Mistaken notions of image-worship may lead us to regard it with an air of scorn, as too silly and infatuated ever to find a place in Christianised communities; but let us not be deceived; the pagan does not bow down to the mere material of which his god is formed; he believes it to be fraught with a divine power and intelligence, that in it or in his act of worship there resides a secret virtue; and whenever the symbol in Christian worship is believed to have in itself an efficacious virtue, whenever religious acts as such, religious ceremonies or places of worship, are supposed to be possessed of a peculiar sacredness and saving efficacy, we have only a refined species of image-worship. But if not images, we have our idols in abundance. The gods of our day may not have an outward embodiment, but not the less loyal are their votaries to them. Men are prone to make idols of mammon and worldly desires and selfish ambitions. Human nature is substantially the same in all ages. The follies of bygone times are continually being reproduced, and instead of exciting our ridicule, they should call us to examine our own conduct.

The text concludes the Prophets scathing exposure of the folly of idol-manufacture and idol-worship, which he traces up to a deceived heart.
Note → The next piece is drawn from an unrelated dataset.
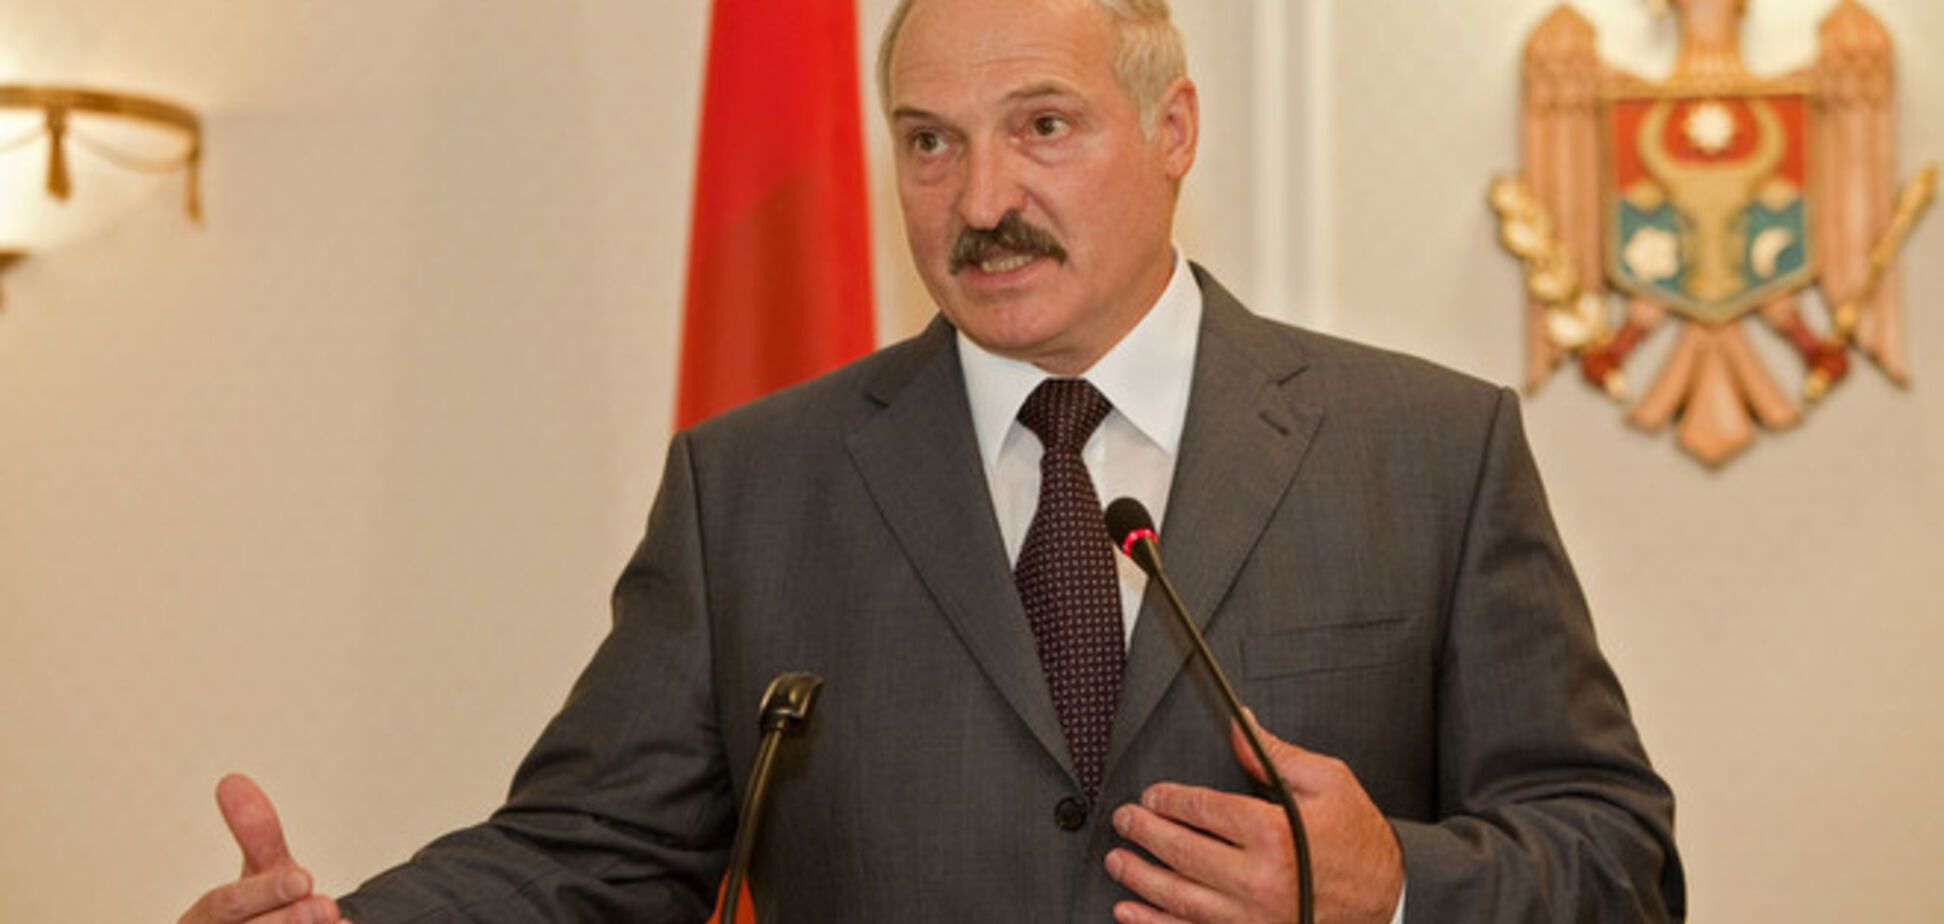 Беларусь потеряла около миллиарда долларов из-за обвала рубля - Лукашенко

So wrapped up is he in his delusion that he never thinks of examining the grounds of his hope. May not this explain every false confidence, and every sinful course? As the long practice of idolatry blinds the idolater to its folly, so every sin and superstitious trust has a blinding effect. The lie in the hand becomes a lie in the heart, and the lie in the heart keeps the lie in the hand. Practice and belief have a reciprocal influence. Self-deception is at once the fruit and the seed of sin (H. E. I. 4538). Sin works spiritual blindness, so that the sinner is like a ship in a fog, or a traveller in a deep ravine who knows not his direction on account of the overhanging cliffs and dense foliage (Mat. 6:23); nay, he is worse, for not only is he unable to review his conduct and test his principles, he is indisposed to do so, and it never even suggests itself to him that he is possibly on a wrong track. Look at some of the causes and forms of self-delusion in regard to a sinful life and a foolish confidence, both of which are denoted by the hand, as that which acts and that which grasps:

1. Ignorance of self and neglect of self-scrutiny. Men busy themselves in exploring the expanse of the sky, and ranging the bodies of the universe, while they neglect to scrutinise their own hearts. They recoil from self-examination because it is painful. O grievous strait! cries one; if I look into myself I cannot endure myself; if I see not myself I am deceived, and death is unavoidable. Surely it is better to open the wound than to let it mortify. If only the sinner would pause and reflect, he might discover the lie to which he is clinging and the deception that lurks in his heart (Psa. 139:23-24).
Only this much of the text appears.